[DATA SEGMENT Boundary: Start]

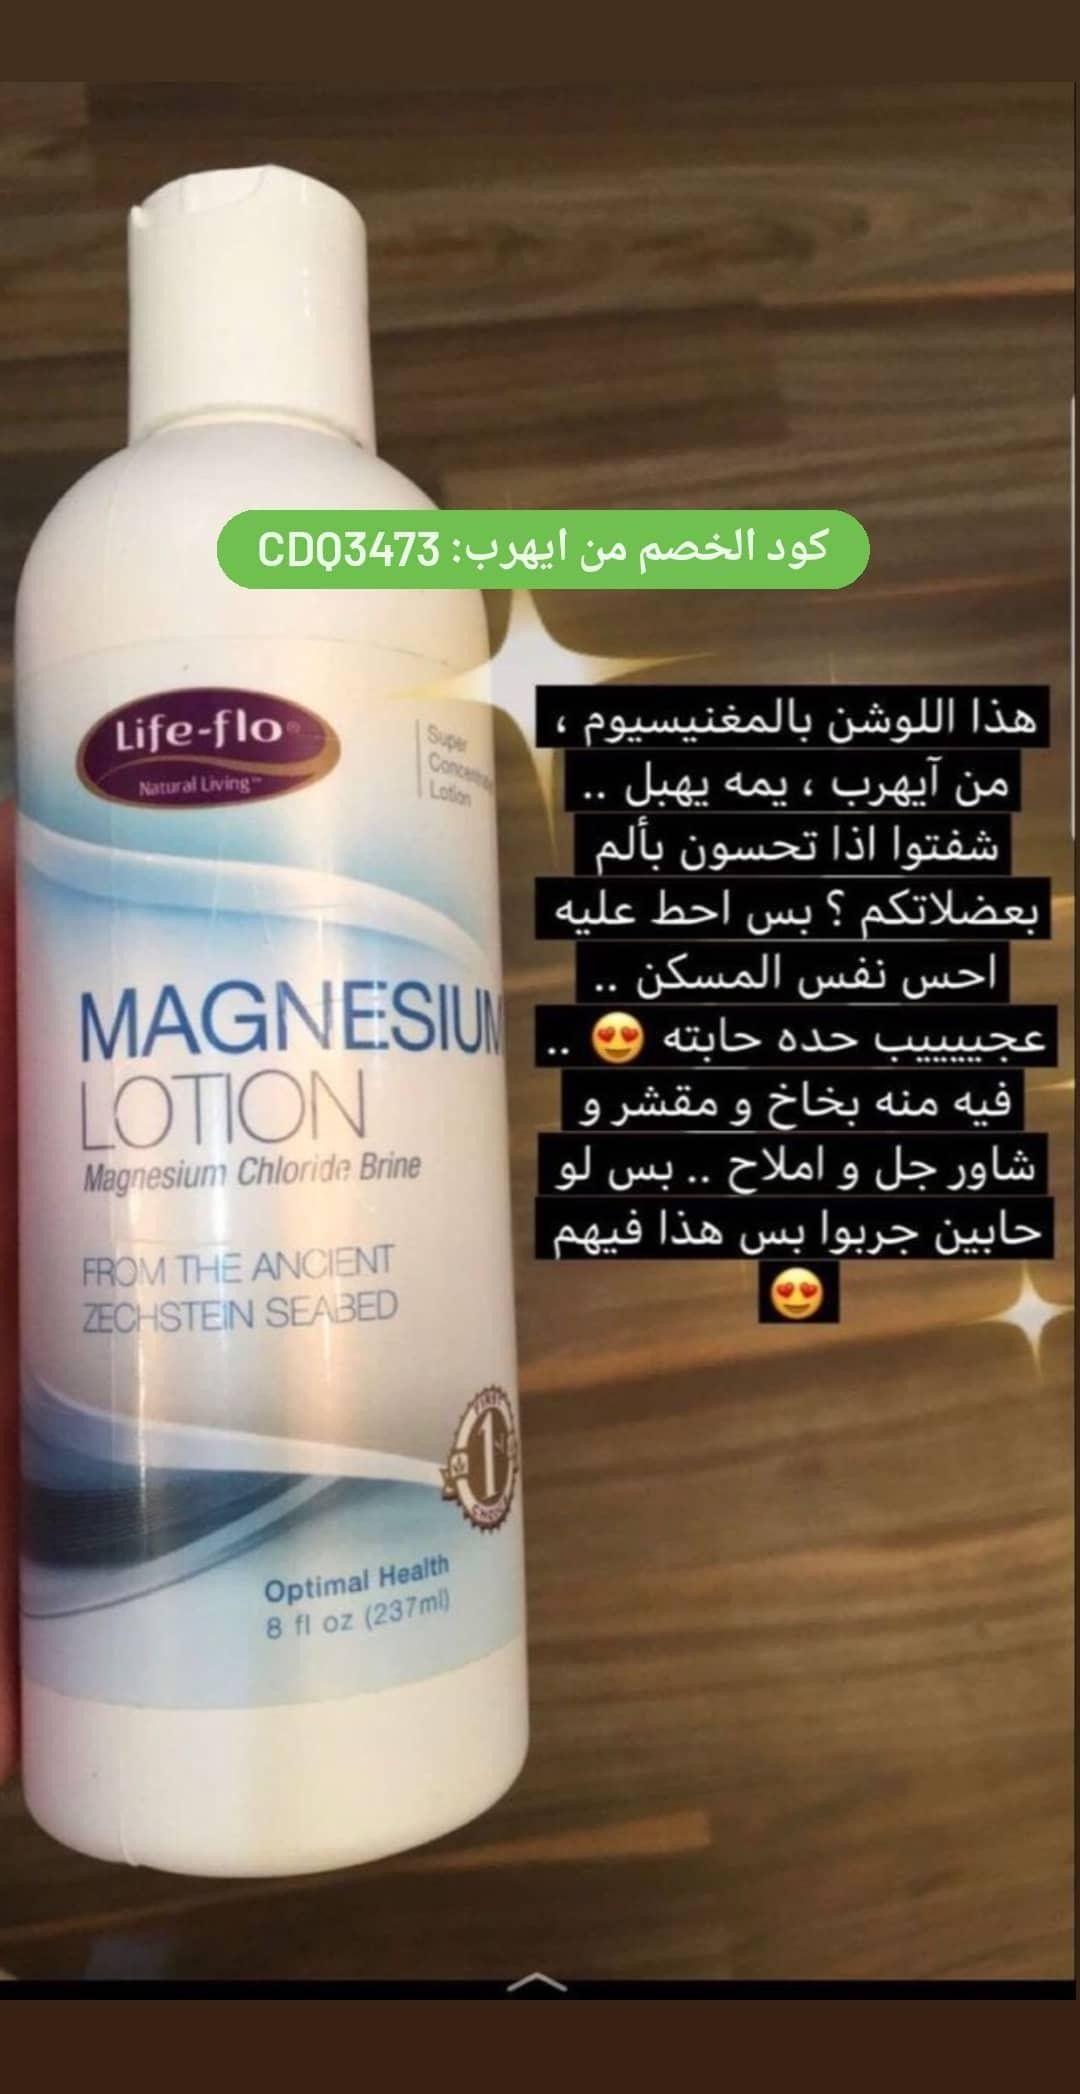 كود خصم من ايهرب Cdq3473 Magnesium Lotion Lotion Natural Living
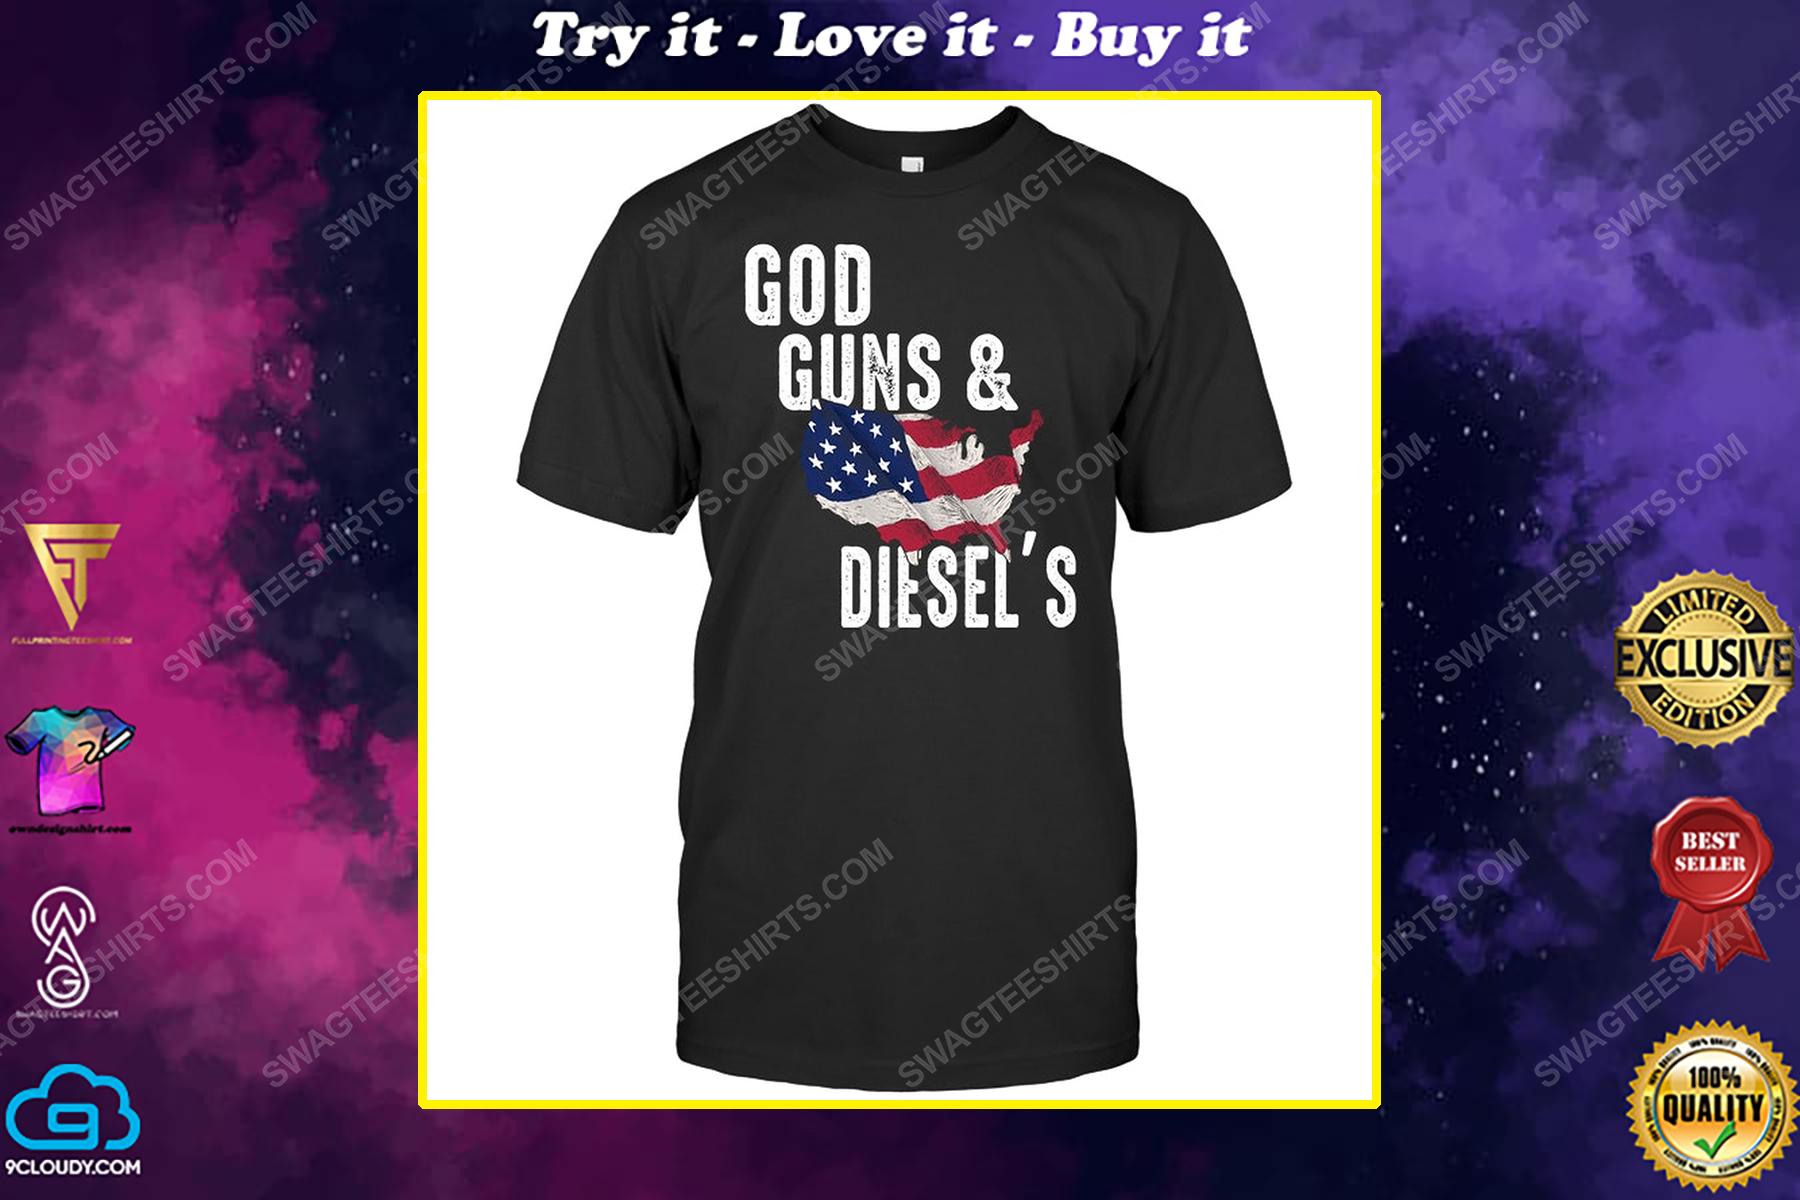 God guns and diesel's american flag political shirt
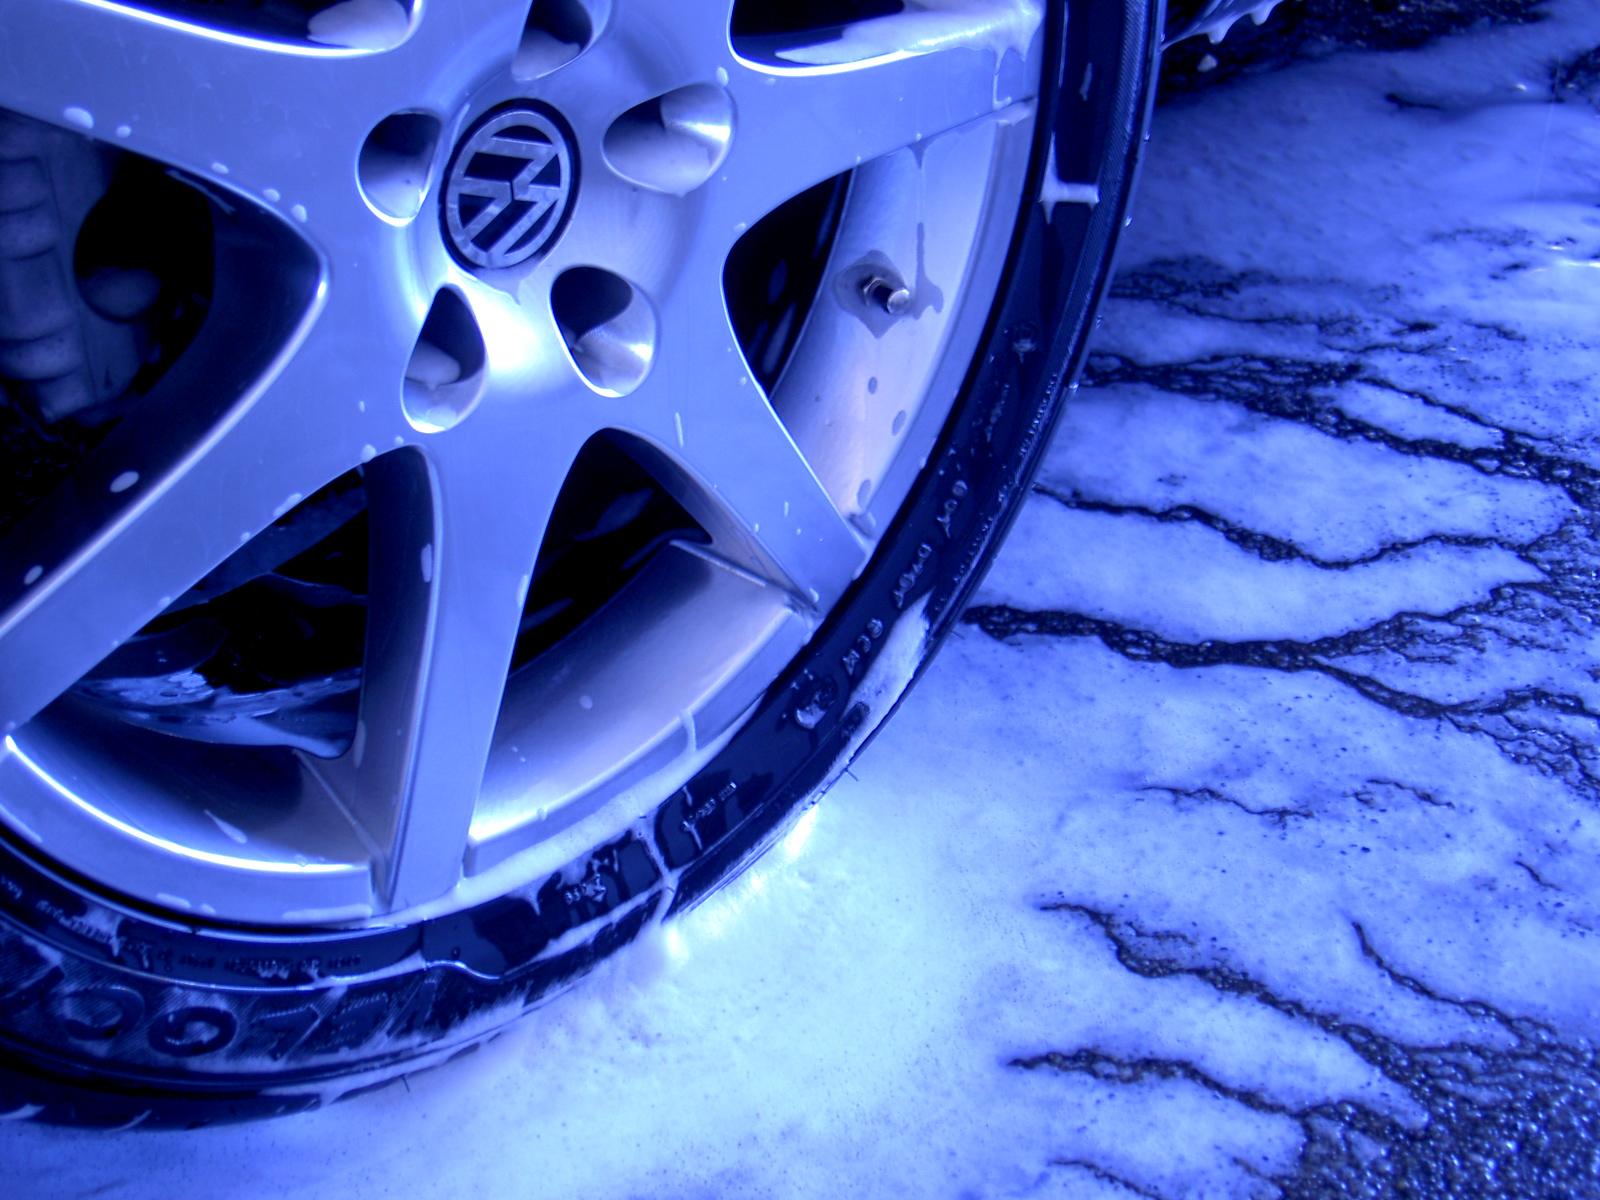 Auto puhastus ja rehvitöö
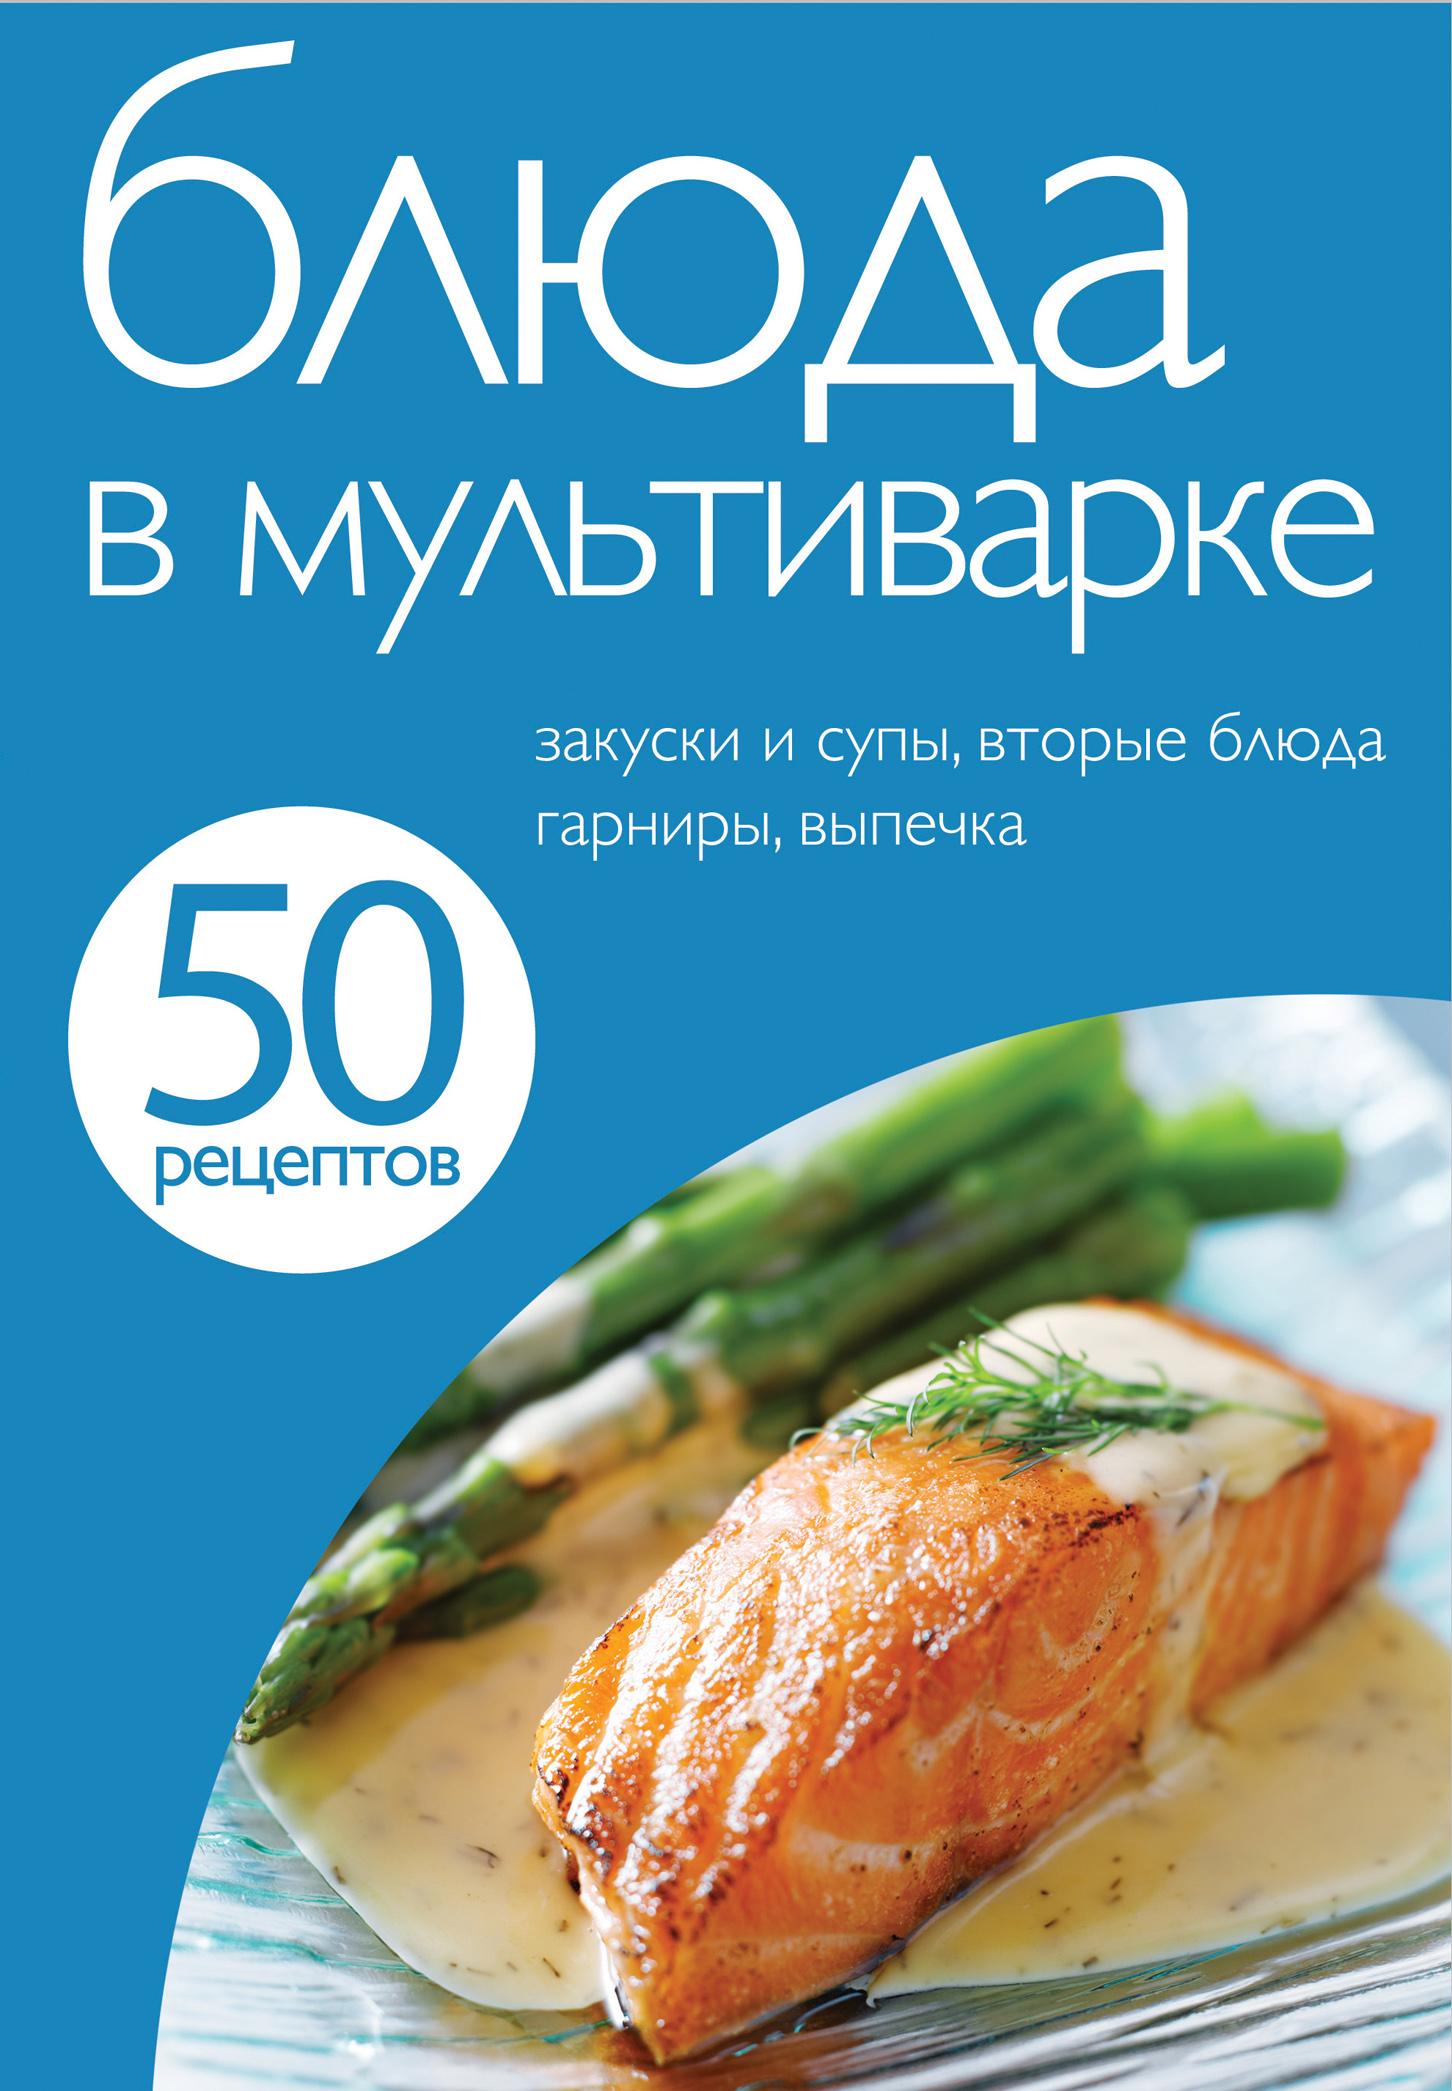 50 рецептов. Блюда в мультиварке 50 рецептов блюда в мультиварке

[DATA SEGMENT Boundary: End]

**EXERCISE DIRECTIONS**
The listing is to be reproduced in full and exactly, except that its pictures are to be dropped.

**RESPONSE AREA**
 كود خصم من ايهرب Cdq3473 Magnesium Lotion Lotion Natural Living
 God guns and diesel's american flag political shirt
 Auto puhastus ja rehvitöö
 50 рецептов. Блюда в мультиварке 50 рецептов блюда в мультиварке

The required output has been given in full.